ただ、著者の数々の書籍から感じとれるコトバの重さから、池田晶子は死ぬことは遂に自分のこれまでのコトバで表現し確立した世界を確めてやるという気持ちを持ってこの世を去ったと思うのである。著者はそんな方なんだと思っている。


難しいことばかり書いてある本なのだが、時折好きな言葉が突然現れる・・・
『詩人とは、ことばと宇宙が直結していることを本能的に察知してる者をいう・・・』
『意識でありながら歴史であること、普遍でありながら個別であること、これは私たちの人生のまぎれも無い事実である・・・』
しかし、殆どが理解するには一苦労する。

元格闘家の須藤元気氏は誰か忘れたが有名な哲学者の本を常に鞄に入れているらしい、精神科医の名越先生は道元の難しい本を鞄に入れているらしい、小生もこの池田晶子『事象そのものへ!』をいつも鞄に入れておきたい、なぜなら前述のとおり解らないこと知らない事がいっぱいだからである。
解らないこと、知らないことを知りたい、考えたいのである。
気分がいつもよりおかしくなったら、いや普通以上になったら鞄からこの本を取り出し読んで、考えて考えて考えたい。
問題はハードカバーの単行本なので重いのである。

この本の最後の章『禅についての禅的考察』の最後にこうかかれている、
神や宇宙や始原について考えるのは宗教だけではない。何ということもなく日々を暮らしてゆく人々が、ふと「なぜ」と問えば、それは既に、神と宇宙と始原の問題だ。生まれてきた理由も、死ななければならない理由も、生きてゆかなければならない理由も、わからない。そんな問いを問うてしまう理由もわからない。これらの「なぜ」を「神」に答えるのが宗教であり、答えず問い続けるのが哲学であり、そして問いも答えずもせずに、とぼけてそのまま生きていくのが禅というものなのだ。

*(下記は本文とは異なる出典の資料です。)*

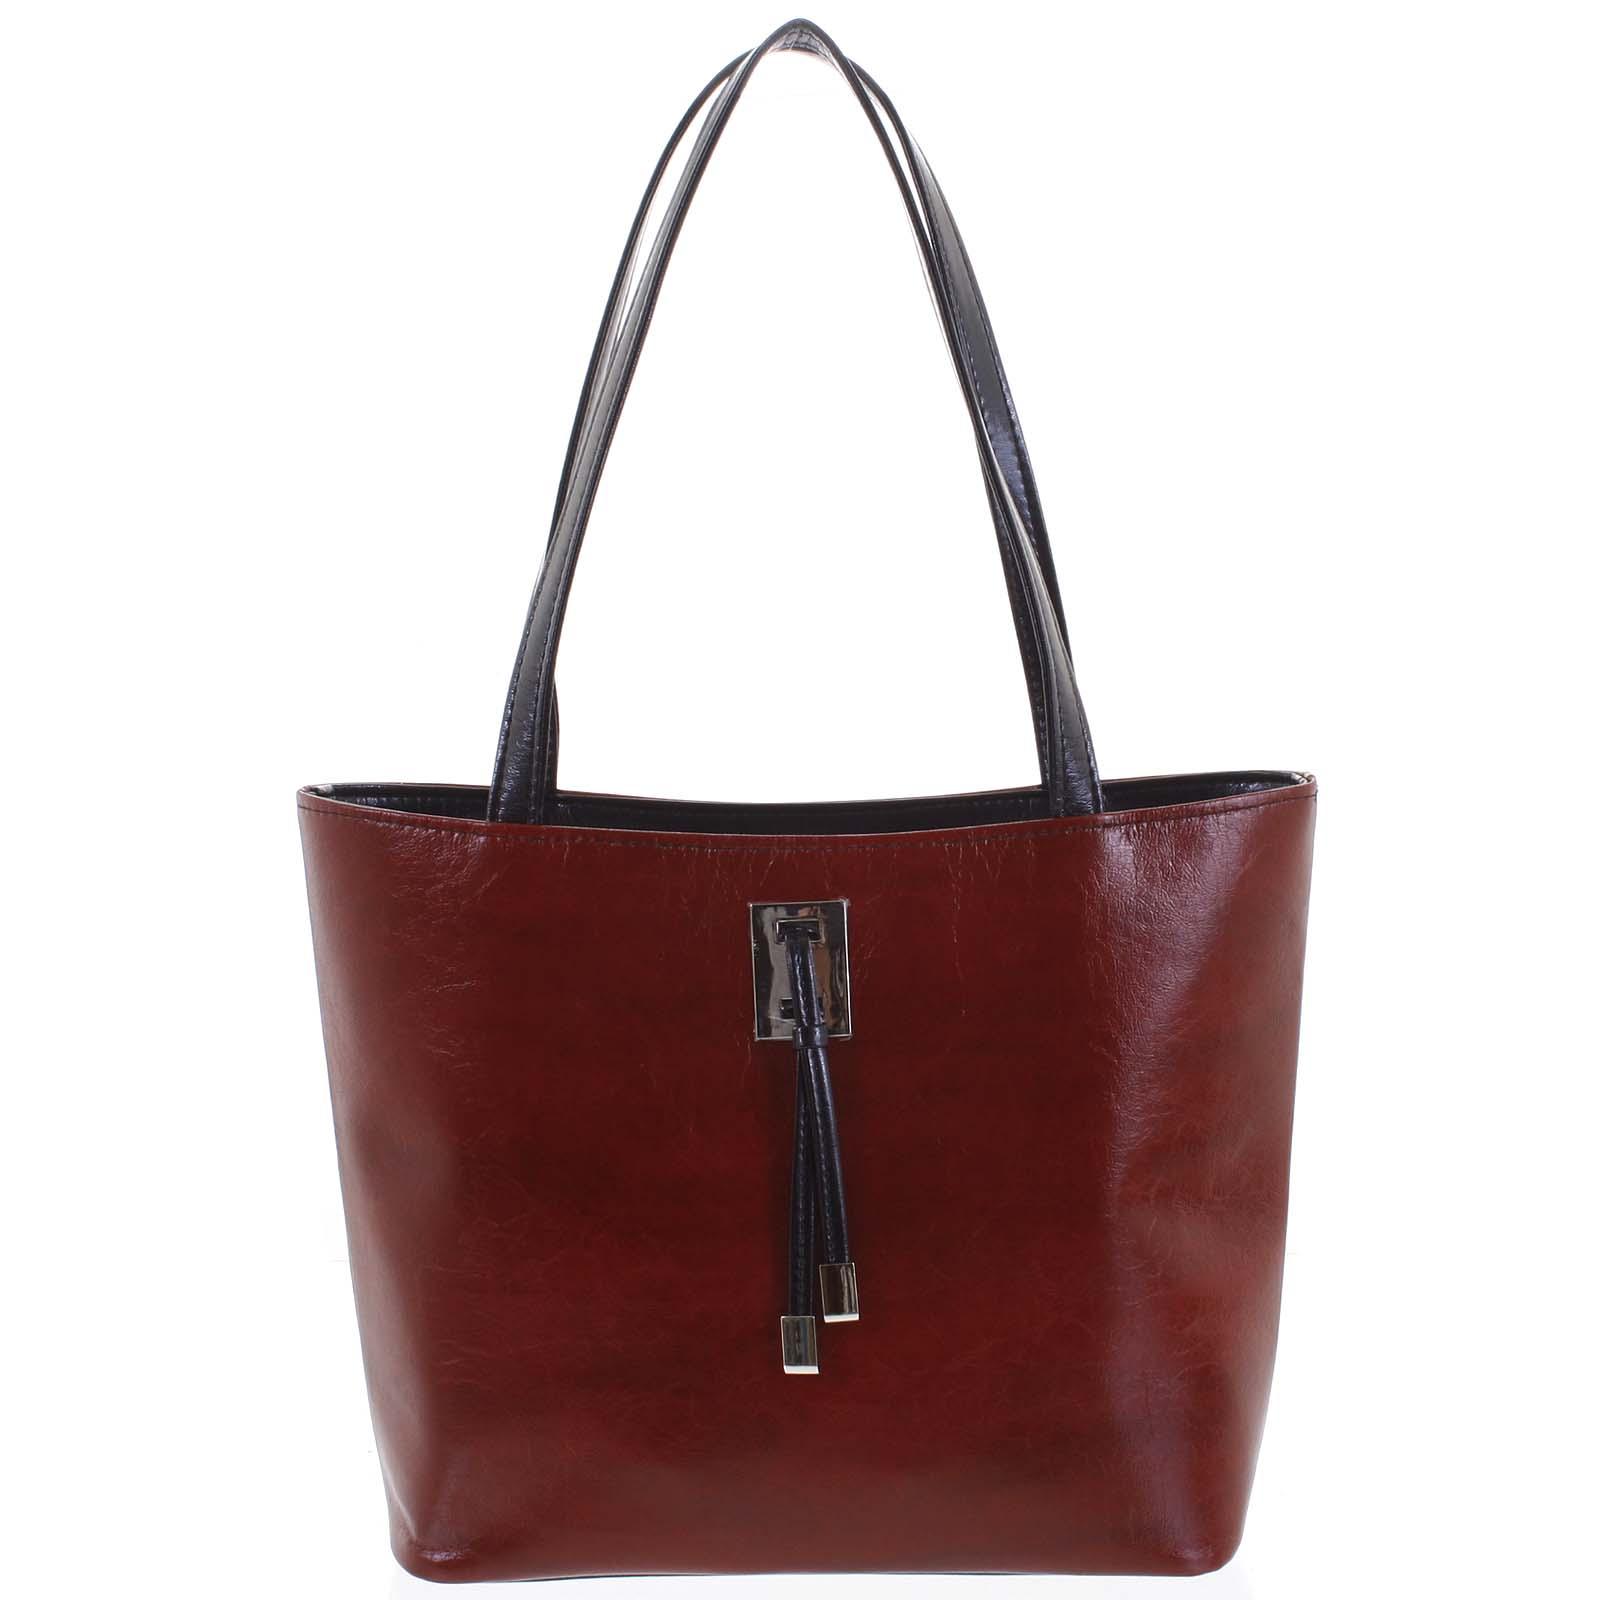 Veľká bordo vzorovaná dámska kabelka cez rameno - Ellis Huyen vínová

いくら読んで考えても答えはないのだ、考え続けて苦しくなったらとぼけて、また考えるだけなのだ。
それが死ぬまで続くのである。

2019年5月20日月曜日

悪の読書日記 あたりまえのことばかり 池田晶子(著)

2019年 5月 21日

ソクラテスは、正義のために死刑になることに自分の主張を覆さなかったのではなく、死刑…『死』については解らなかった、『死』とはなにか?恐れべきものなのか知らない。知らないことを知ってるようなものであるかのように恐れるのは正しいことではない・・・



先日より自分のSNSで何度か死について書いたことがある。
死なれた方の人生が短い人生だったのか、長い人生だったのか、それを言えるのは死んだ本人だけしかなく、その答えを述べるべき本人はすでに存在しないのである・・・と。
そんな事を書いていた矢先、元スターリンの遠藤ミチロウ氏が4月に他界していた事が、5月1日なって公表された・・・・彼の人生が長いものであったのかどうか、まだまだやる事があった短い人生だったのかは前述の通り、本人しか解らない。我々が言えるのは彼の記憶からみての個人的見解でしかない。
本書の『生きているとはどういうことか』、『死ぬのは不幸なことなのか』、『他者の死はなぜかなしいか』を何度読みなおしても、死についての自分の答えは見つからない。見つかる訳はないのである・・・読めば読むほど混乱するばかり、「これはちょっと違うのでは?」と思ったりもするのだが、とにかく言えることはただひとつ、死んだらどうなるのか誰も解らないのである。
解らない事に上手くぴったりと嵌り込んだ宗教というのは、悪く言えば凄いビジネスなのかも知れず。『死』とは肉体が滅んだこととなっているが、それ以外は何処へいくのだろうか?と。
 
そんな日、ネットの動画サイトを観て知ったのだが、死刑囚の死刑執行は、死刑当日の朝9時に死刑囚に伝えられるらしい。つまり、今日あなたは死刑執行されるのですよ!と言われるのと同じである。人の命を奪った死刑囚だが(おそらくというか多分)、死刑が執行されるのは突然である・・・いつ死ぬのか毎日待っているような気がする。犯罪を犯したときは悪人でも、何年も刑務所の独房にいると善人に変わっているかもしれず。
いまは善人となった人を殺すのはよくないというのは死刑反対論の理由の一部であると思う。しかし、過去に大きな罪を犯したのだから死刑になるのは当然であるというのは死刑を肯定する人の意見の理由の一部だろうと予想する。死刑を執行されるより、執行される日を待っている日々の方が残酷な気もするが、それはそれなりの罪を犯したから当然であるという意見もあるだろう。
死刑執行が決まったあと、お寺の関係者というか、それなりの方が来て死刑囚を説得して心を落ちつかせるそうだが、アメリカのドラマで死刑執行前に牧師さんがやってくるのと同じようだ。果たしてどんな事をいうのだろうか?どんな話をするのだろう? 悪い言い方をすれば、死刑囚は大きな罪を犯しておきながら、死の恐怖を和らげるかの如く ・・・これでは死に勝ちかもしれず。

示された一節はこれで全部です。